Vladimir Jakšić (Serbian Cyrillic: Владимир Јакшић; Kragujevac, 23 April 1824 - Belgrade, 16 August 1899) was a Serbian translator, economist, statistician and meteorologist. He is the founder of the first meteorological station network and the first weather statistics department in Serbia.[1] He is also remembered for his Serbian co-translation of Kotzebue's La Peyrouse with brothers Arsenije and Aksentije Tucaković in 1839.[2]
He was the son of treasurer Jakov Jakšić who worked in the State Office of Prince Miloš Obrenović. Vladimir Jakšić was educated at the Gymnasium of Belgrade, and then enrolled at the Faculty of Economics and Finance at the University of Vienna, before studying state-legal sciences at Eberhard Karls University of Tubingen and the Ruprecht Karl University of Heidelberg.[3] [4]

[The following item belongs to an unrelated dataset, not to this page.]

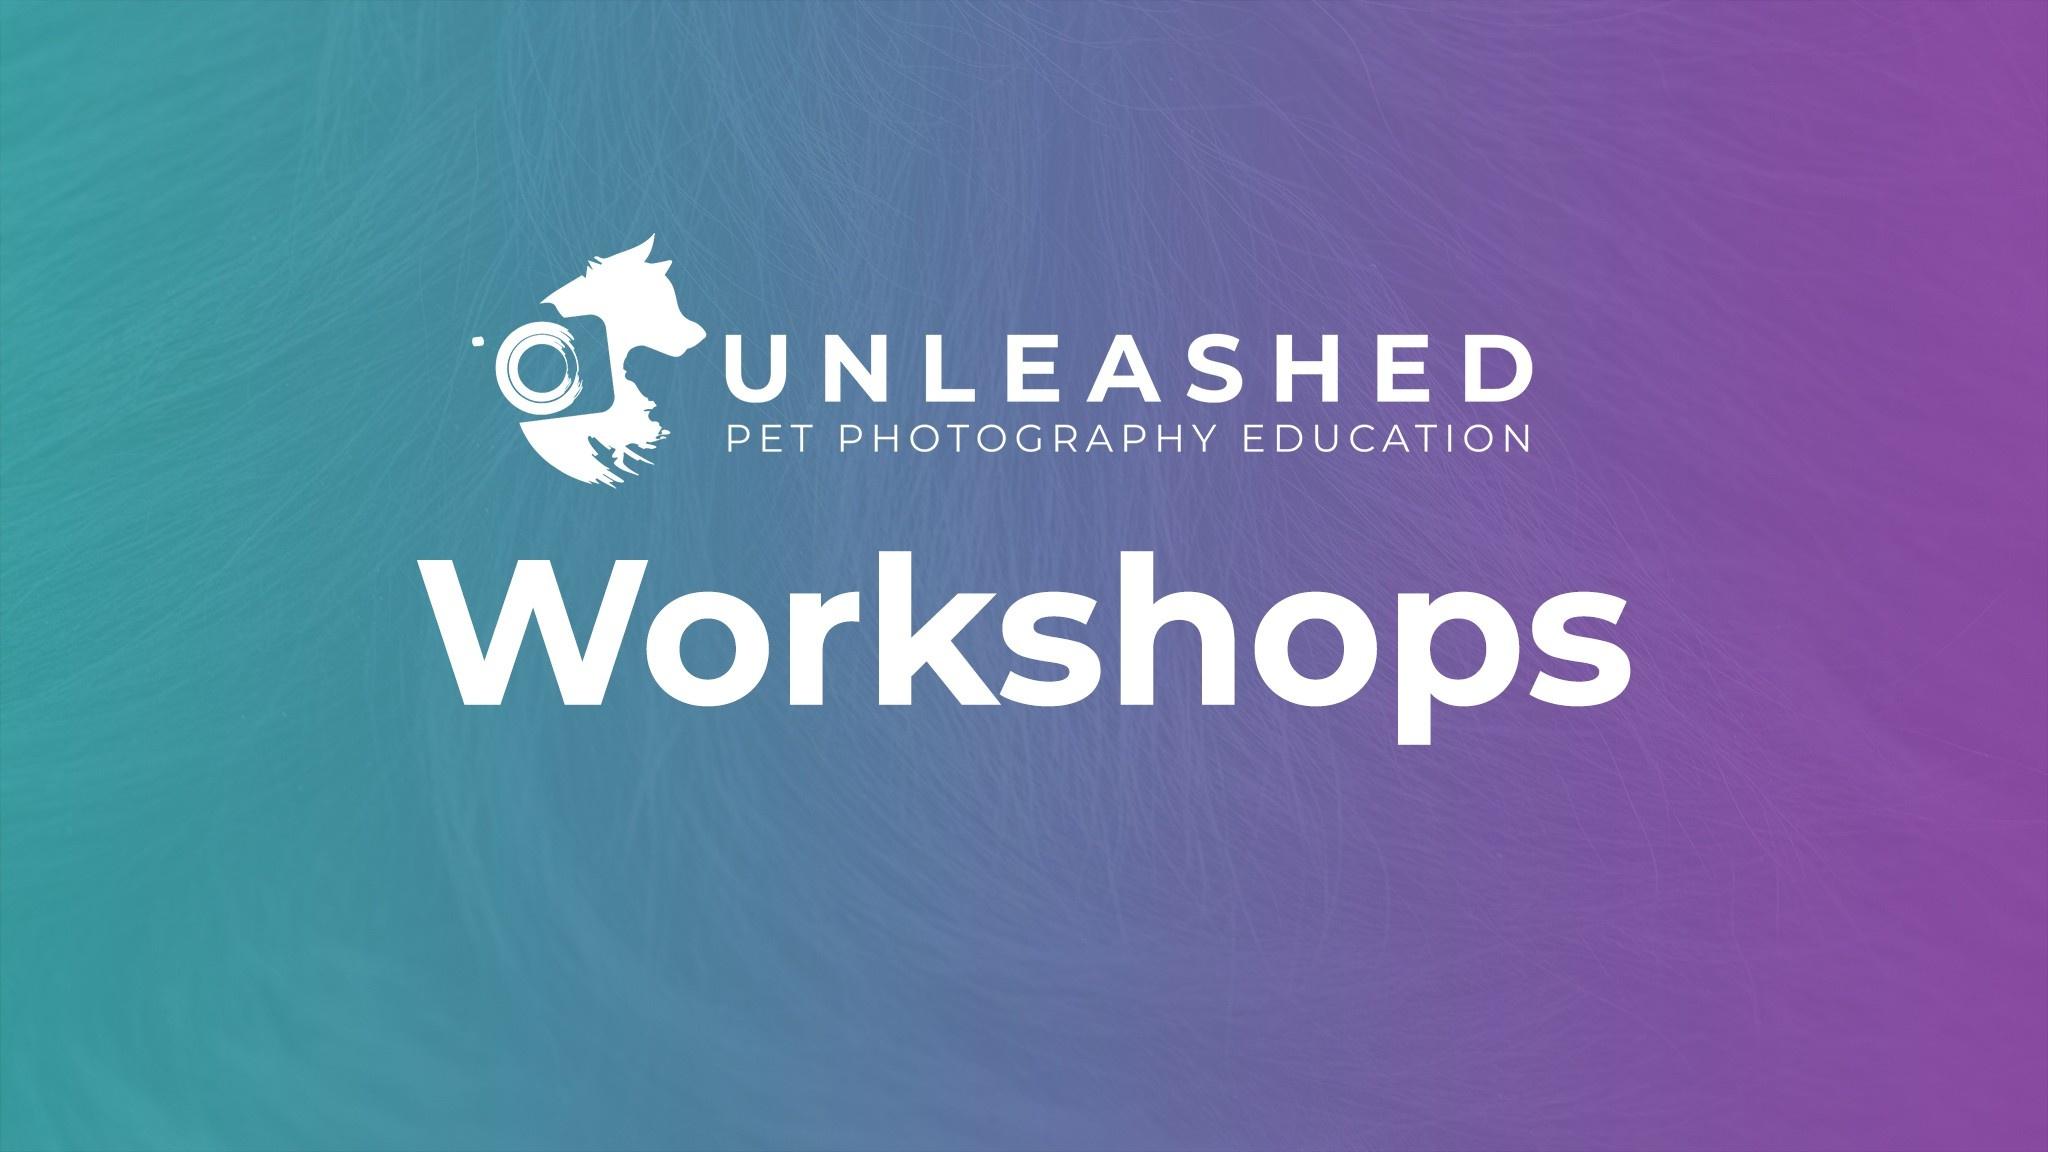 Premium Pet Photography Workshops and Retreats

Since 1847 he worked at the Ministry of Finance, where he collected statistical weather data on his own initiative. Jakšić made his first instrumental meteorological measurements in 1848 at his estate in Topčidersko Brdo (Senjak).[5] He never stopped working for the next half-century (1848-1999).[6] As early as 1850 he submitted a proposal to the Državni savet (State Council) for the creation of a state statistical service, but nothing came off it yet. In 1852 he was appointed professor of National Economy and Finance at the Belgrade Lyceum (now the University of Belgrade,[7] replacing Kosta Cukić. Then in 1862, he returned to the Ministry of Finance as Chief Economist, and in the same year, he became the head of the newly-established Statistical Office of the Republic of Serbia. This new centre for environmental information, with current and historical weather data, is now the longest continuous observation that reaches back to 1768, thanks to Vladimir Jakšić's research in the archives of Vienna and his data compilation over the five decades.[8] He headed the department but also established reliable statistical data in the archives of Serbia, with the support of Minister Kosta Cukić. Jakšić himself did most of the work of the statistical department.
The most important of his works is Državopis Srbije,[9] the State Gazette of Serbia,[10] which he published as a periodical, unofficially since 1855, and officially from 1863. He also published twenty scientific books of great historical importance. Jakšić first began meteorological measurements in Belgrade and Serbia in 1848 and was the first to write about meteorology in Serbia, arguably making him the founder of Serbian meteorology and climatology. Already after three years of meteorological measurements, in 1851 he made the first study of the climate of Belgrade, based on the results of his own measurements and observations for the period 1848-1850.[6] He was also the founder of the meteorological network of stations across Serbia, with 27 meteorological stations, one of the densest meteorological networks within a country. He retired in 1888, and his job in statistics was continued by Bogoljub Jovanović. On 8 January 1850, Jakšić was elected a full member of the Društva srpske slovesnosti (Society Of Serbian Letters) in Belgrade.
He was a recipient of many awards, most notably the Austro-Hungarian Order of Franz Joseph, the Romanian Order of the Crown, the Greek Order of the Redeemer, the Russian Order of Saint Anne, the Russian Order of Saint Stanislaus, the Serbian Order of the White Eagle and the Serbian Order of the Cross of Takovo.[11]